Выбрать главу

Для меня это был важный шаг вперед. Я добился немалого успеха, меня хвалили за чистоту звука и живость пения. Дирижировал маэстро Фернандо Превитали. У этого человека был один бог — темп, мы просто умоляли его, чтобы он оставлял хоть немного времени на речитативы, не говоря уж о паузах!

То, что Фигаро мне удался, во многом заслуга Луиджи Риччи. Джиджетто (так его звали друзья) за последние пятьдесят лет стал просто легендой, и все мы львиной долей своего успеха обязаны ему. Он умер в 1981 году, ему было уже за восемьдесят, но он по-прежнему просиживал каждый день за фортепиано по восемь часов, как и двадцатью годами ранее. Мы часто общались с ним, обменивались учениками. В последний раз, когда он позвонил мне по телефону, я услышал: «Тито, дорогой, тут есть одна девушка: голос у нее отличный, но лицо — прямо как у мраморного изваяния. Я пошлю ее к тебе… попробуй, может, придумаешь что-нибудь, чтобы она выглядела поживей и повыразительней».

Мне не хватает Луиджи, и я рад признаться, что в долгу перед ним. Сотни раз мы разучивали партию Фигаро, тысячи раз медленно проходили особо трудные места… Потом все быстрее и быстрее — до тех пор, пока нужный темп не был достигнут. «О плутовка, все уж знает», «Мысль одна — добыть металла» и, наконец, «А, браво, Фигаро, браво, брависсимо»— с сумасшедшей скоростью. Мы работали сначала над небольшими кусками, а потом складывали все воедино — так раскрывалось перед нами изумительное творение Россини.

«Физика роли», молодой задор, элегантность — все эти качества, бесспорно, чрезвычайно важны. Стоит добавить к ним еще безупречный вокал, и нужное соответствие звука и образа будет достигнуто. Простенькая задачка, не так ли?! Для того чтобы достичь впечатляющей виртуозности, когда каждый звук подается с неподдельным блеском, от голоса требовалась прежде всего легкость. Я добился ее и с тех пор до самого ухода со сцены, если мне нужно было после какой-нибудь тяжкой партии привести голос в порядок, всегда тренировал его на каватине Фигаро. Советую так поступать всем баритонам.

«Севильский цирюльник», снятый в 1947 году, был вообще первым полнометражным фильмом-оперой. Кромешный ад войны только-только закончился. Мы все, худые (худые просто от голода), а потому легкие на подъем, нетерпеливые, рвались целиком отдаться своему делу. Мы жаждали вырваться из темницы, в которой нас так долго держали, и нам действительно удалось вырваться — на крыльях бессмертной музыки Россини. Прошло всего несколько месяцев, и имена Тито Гобби, Ферруччо Тальявини, Итало Тахо, Вито Де Таранто, Нелли Корради, постановщика Марио Косты стали известны всему свету. Этот первый фильм — он, естественно, был черно-белым — еще не сошел с экранов, когда мы сделали второй, цветной. В нем органично сочетались комедия Бомарше и музыка Россини, среди исполнителей были Никола Монти, Джулио Нери и я; Розину играла Ирэн Дженна, а за кадром звучал изумительный голос Лины Пальюги. В роли Бартоло снялся популярный венецианский актер Ческо Базеджо.
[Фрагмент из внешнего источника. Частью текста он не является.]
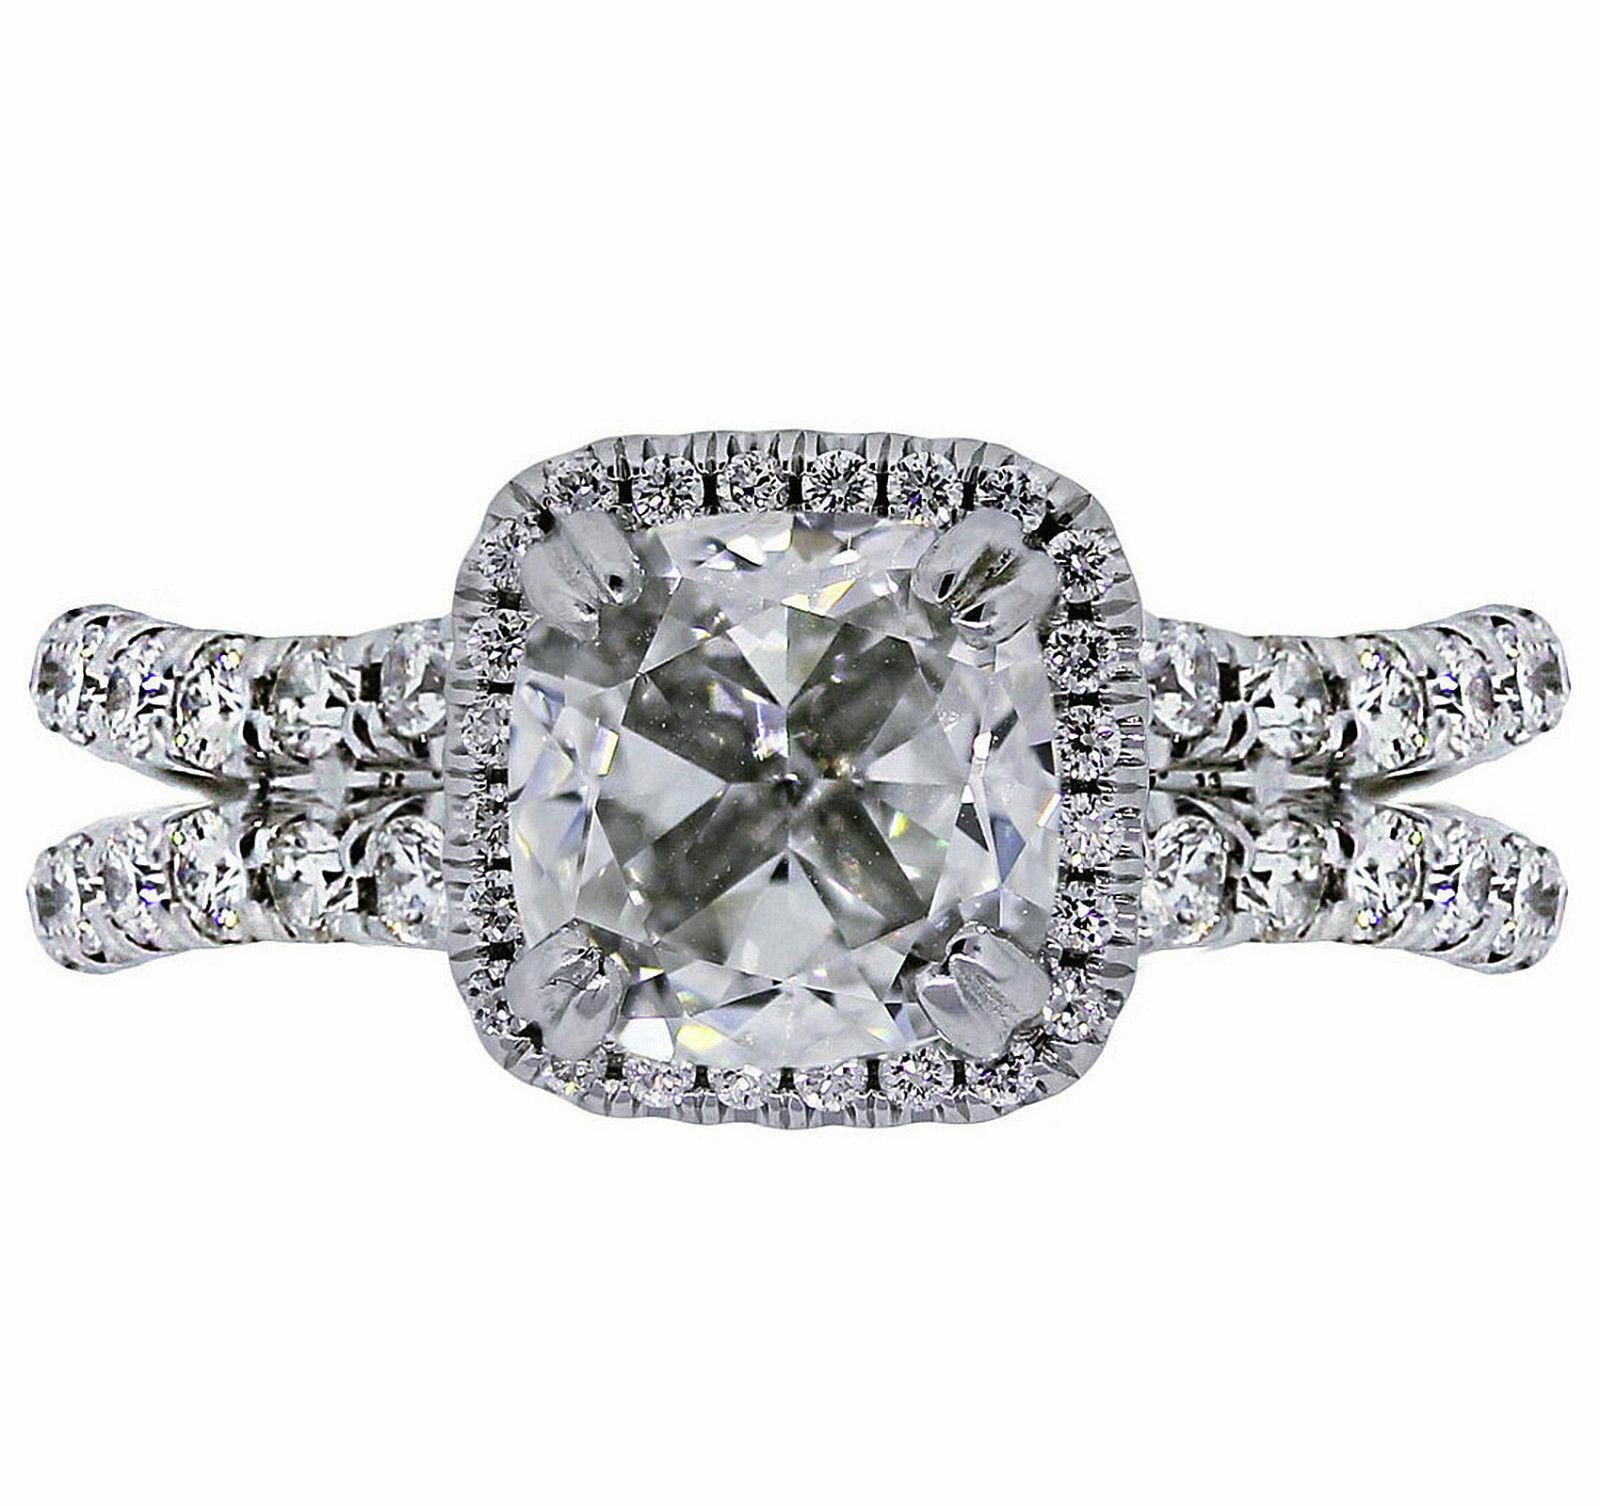 GIA Certified Diamond Engagement Ring Cushion Cut 14k White Gold 2.18 carat 1
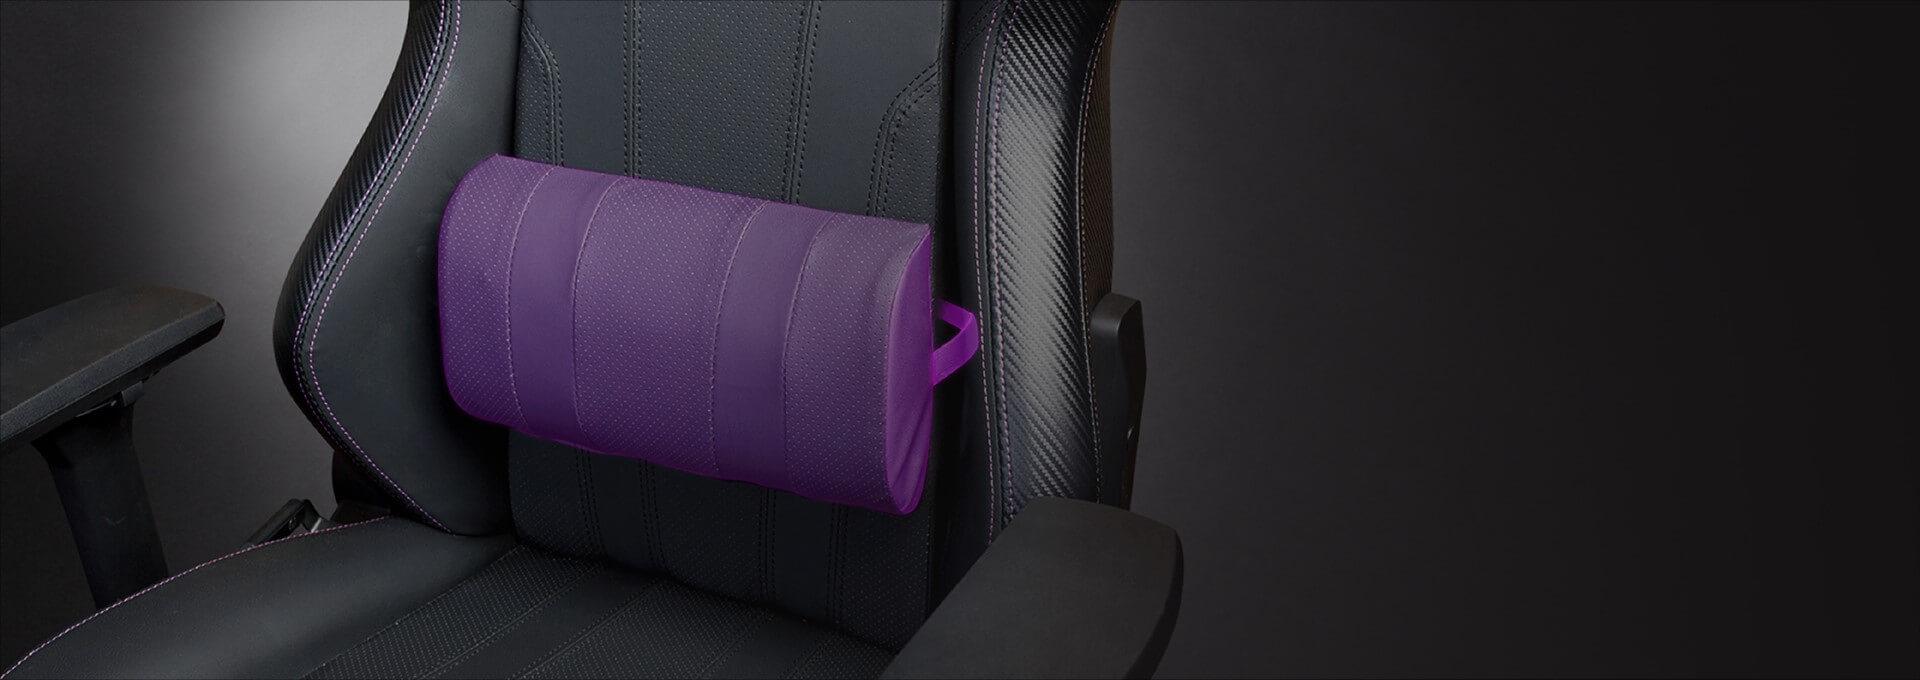 Phần đệm và gối của Ghế Gamer CoolerMaster Caliber X1 (CMI-GCX1-2019) có nhiều lỗ thoát khí tránh thích tụ nhiệt

С 1816 года, когда он впервые был поставлен, «Цирюльник» доказал свою необычайную жизнеспособность. А ведь порой с ним обращались далеко не лучшим образом. Бывали времена, когда исполнителям предоставлялась сомнительная свобода и причуды на сцене они ставили себе чуть ли не в заслугу. Примадонны заливались, как канарейки, а действие стояло на месте. Басы, чтобы не отстать от других, занимались трюкачеством, как клоуны в цирке, а баритоны обеспечивали себе удобную жизнь тем, что пели едва ли половину той музыки, которую Россини для них написал.

Случалось, дирижеры ставили перед собой клавесин и во время речитативов бренчали на нем бесконечные арпеджио — видно, им очень не хотелось «выпускать действие из рук». Но тем не менее «Севильский цирюльник» и в наши дни остается шедевром, ничуть от всего этого не потускневшим, шедевром, который всегда отплатит с лихвой за любовное и бережное отношение к себе.

Это то произведение, которое певец, если только он почувствовал в себе хоть каплю усталости, сомнения, неуверенности, должен сразу же исключить из репертуара. Опера-буффа — вещь, требующая гораздо более серьезной работы, чем любая высокая драма: здесь нет возможности затушевать любой недостаток вокала. В то же время исполнитель должен строго держаться в рамках, предписываемых характером своего героя или героини, не поддаваясь искушению каким бы то ни было способом привлечь к себе особое внимание.